Jazz and Other CD Reviews – April 2016

April 5, 2016

Darren English Imagine Nation (Hot Shoe HSW 109)

Making his debut as leader here is the exciting young South African trumpet player, Darren English who is now resident in Atlanta, Georgia. Here, Darren and his collaborators perform an interesting mix of standards, including a deeply introspective Body And Soul, classics from the jazz repertoire, a sparkling version of Dizzy Gillespie’s Bebop, as well as four of Darren’s originals.
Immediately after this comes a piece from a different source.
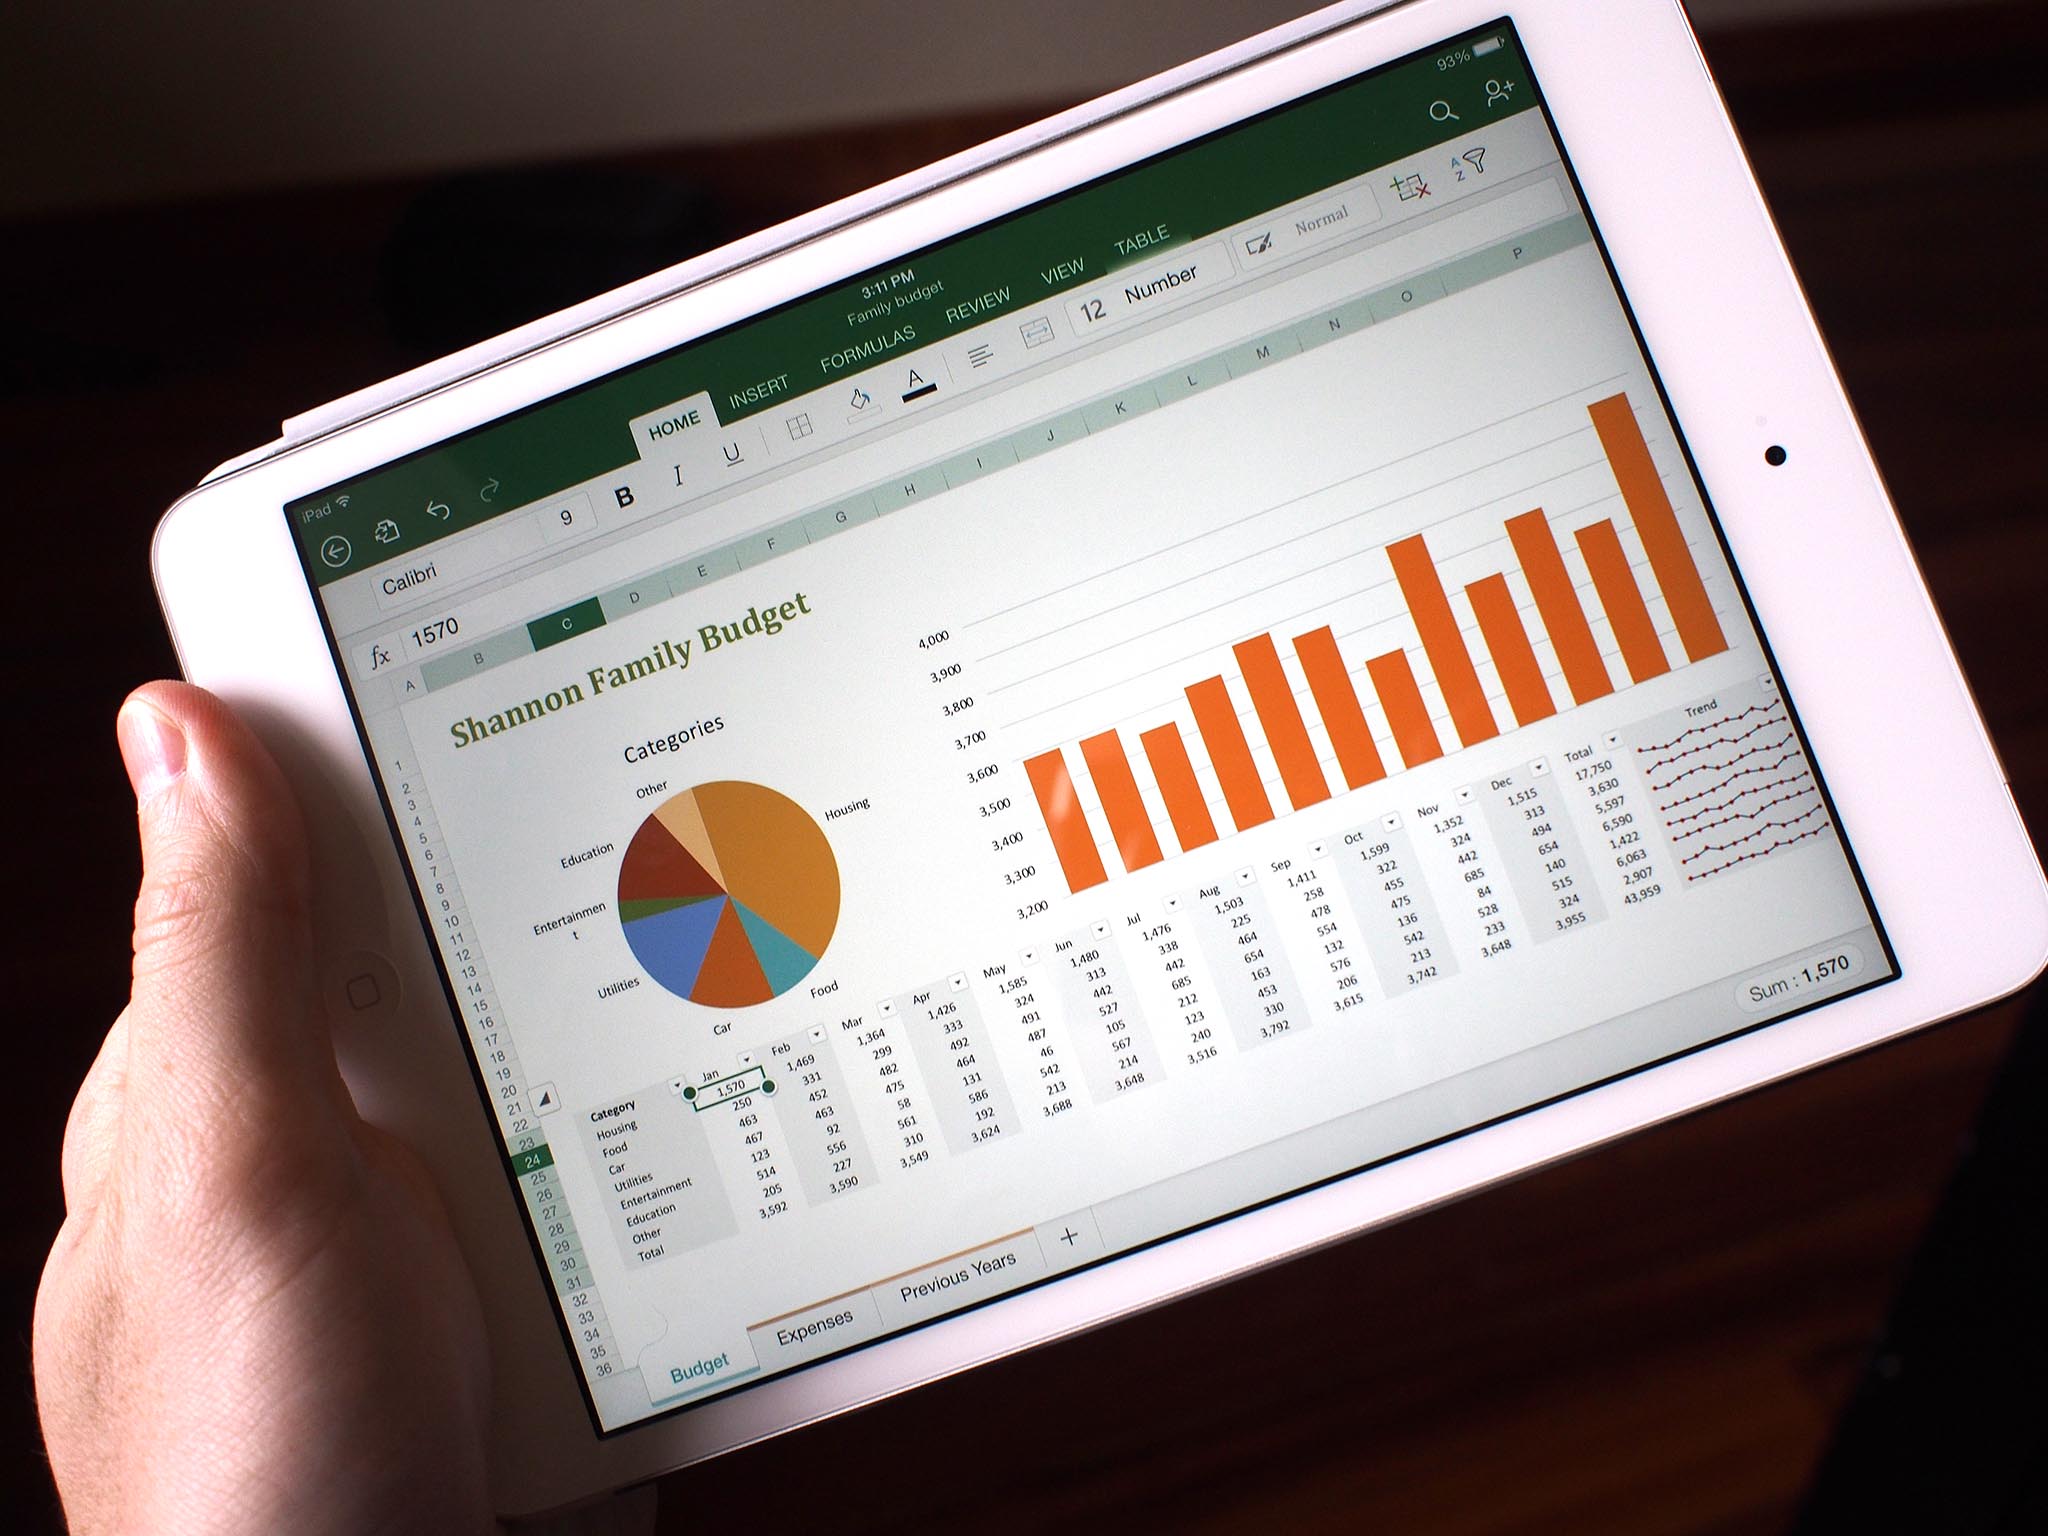 iPad versions of Microsoft Word, Excel, and PowerPoint now available in the App Store

Labels are misleading, but if pressed I would say that it is post-bop mainstream – most importantly it is exhilarating.DarrenEnglish Three of the originals are part of a suite dedicated to Nelson Mandela, although they are presented separately here. Darren’s trumpet lines are graceful, he states the original melodies with engaging simplicity before moving into thoughtful and often driving improvisations. He is ably supported throughout by the trio of Kenny Banks, Jr., piano, Billy Thornton, bass, and Chris Burroughs, drums. Tenor saxophonist Greg Tardy joins him on three titles; these are two parts of the Mandela suite and Bullet In The Gunn, one of Darren’s originals. Vocalist Carmen Bradford is heard with a very attractive take on Skylark and on a fast What A Little Moonlight Can Do (To You), which also has good solos from bass and drums. Fellow trumpeters Russell Gunn and Joe Grandsen are also on hand, particularly excitingly so on Ray Noble’s Cherokee, which ends the album in fine style. An exceptionally talented and commanding young musician who will undoubtedly have a great future.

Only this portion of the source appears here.